Inversion Space
- Type: Private
- Industry: Aerospace and defense technology; spacecraft
- Founded: 2021
- Founder: Justin Fiaschetti and Austin Briggs
- Headquarters: Los Angeles, California
- Area served: United States

= Inversion Space =

American aerospace company

Inversion Space is an aerospace and defense technology startup developing space-based delivery vehicles. The company aims to deliver cargo to militaries at short notice from space. It is headquartered in Los Angeles, California.

== History ==
The company was founded in 2021 by Boston University students Justin Fiaschetti and Austin Briggs. In October 2024, the company obtained a re-entry license for its Ray spacecraft from the Federal Aviation Administration's (FAA) commercial transportation office. In May 2025 the company completed its flight of the Ray vehicle, but without reentry. The flight was part of SpaceX's Transporter-12 rideshare mission. In October 2025, the company unveiled its Arc re-entry vehicle.
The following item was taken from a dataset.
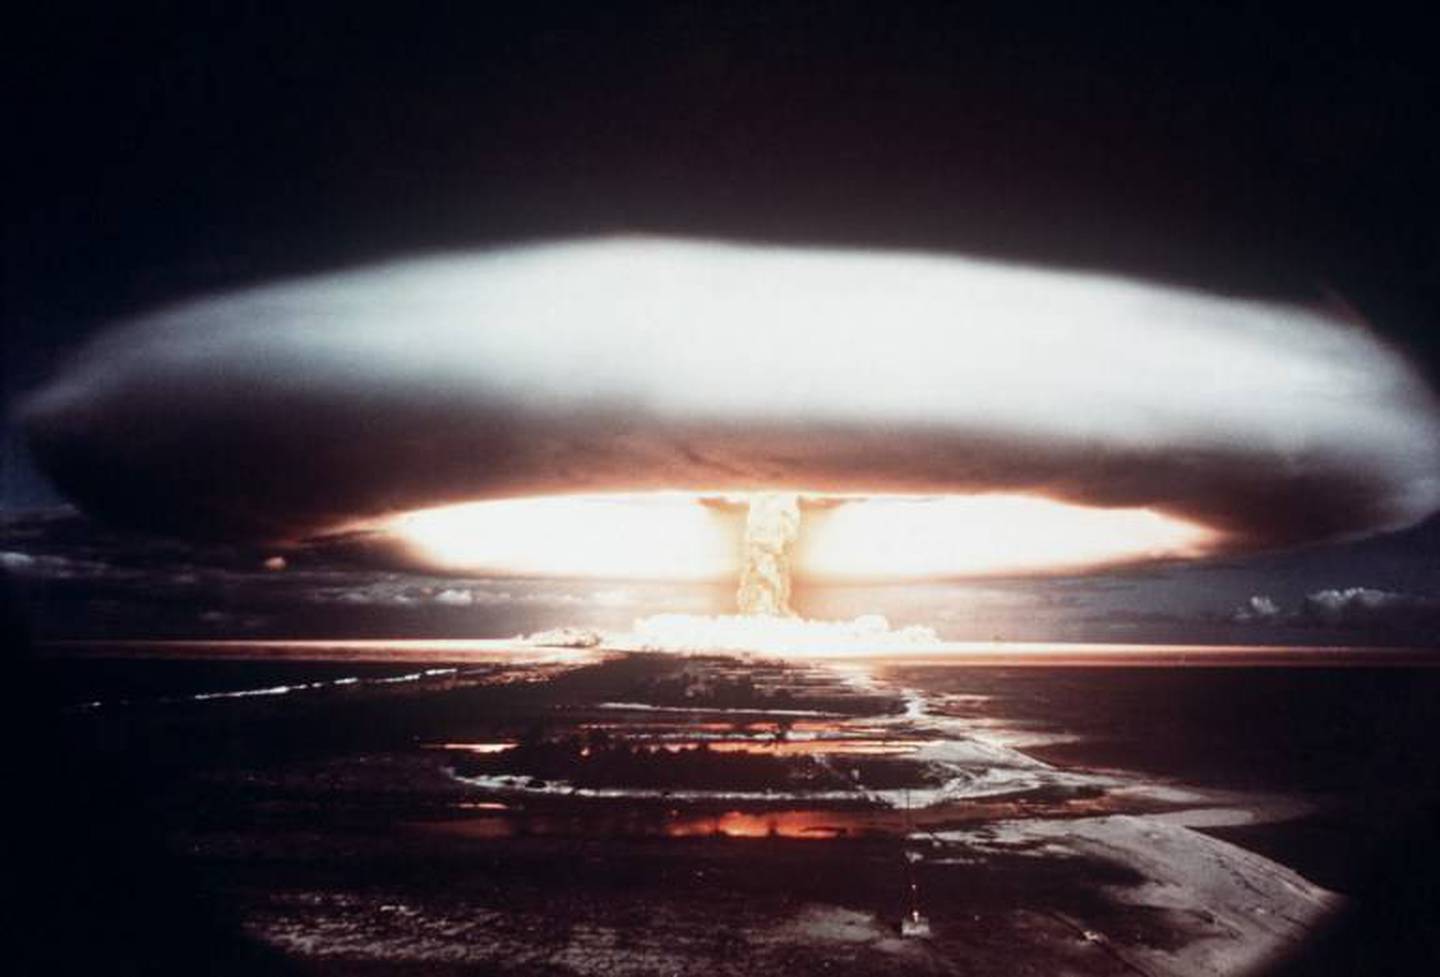 Scientists Determine The Deadliest Place To Take Refuge In The Event Of A Nuclear Explosion In Your City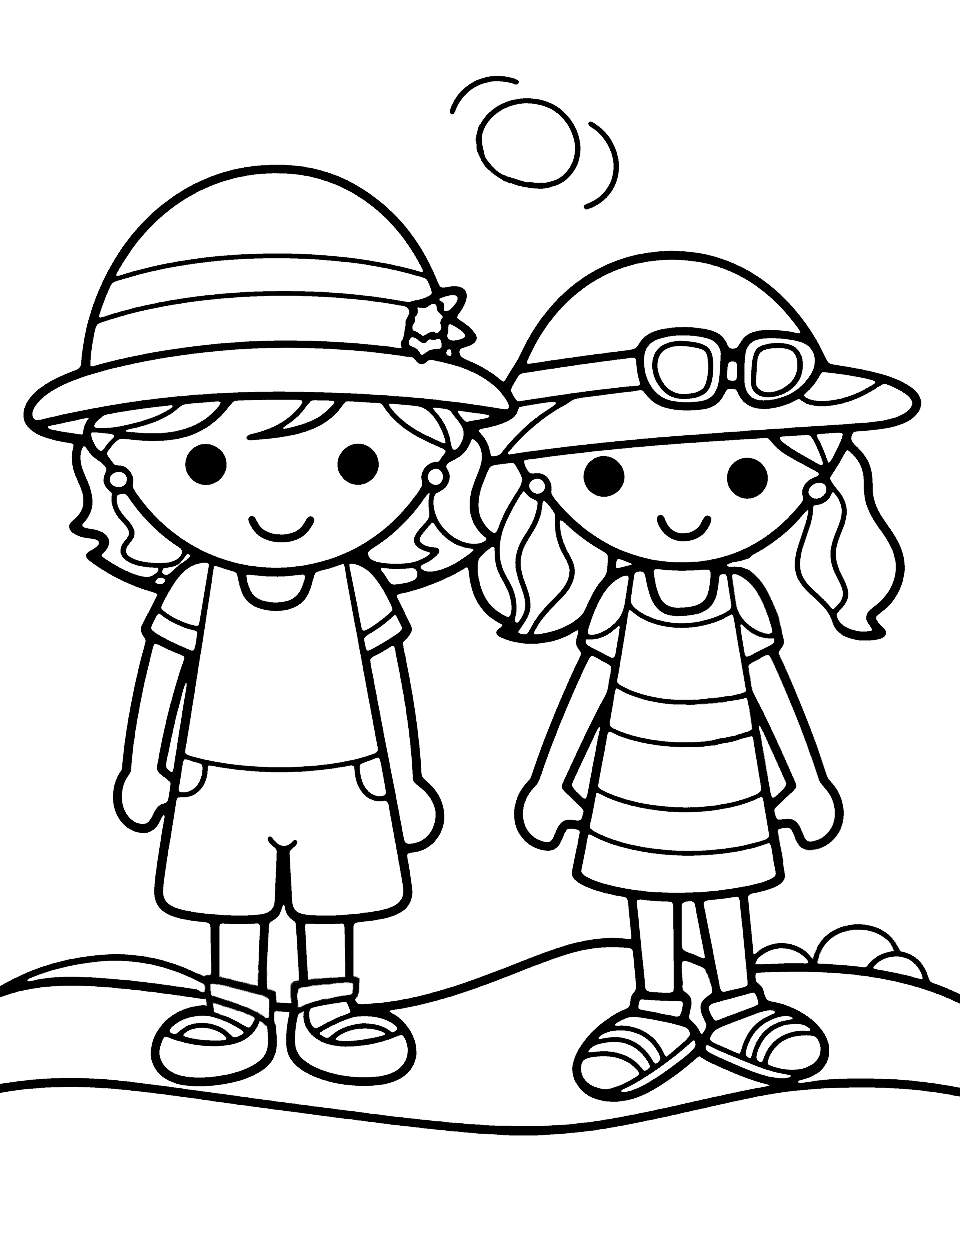 Cute Summer Outfits Coloring Page - Kids dressed up in cute summer clothing such as sun hats, sunglasses, and floral dresses.

The vehicle carries a payload of 500 pounds of cargo. In March 2025 the US military selected the company for its MACH-TB hypersonic testing program.

== Funding ==
In 2024 the company raised $44 million in Series A funding on top of its $10 million in seed funding. It was also awarded a $71 million STRATFI award by Air Force Research Laboratory and SpaceWERX in September 2024.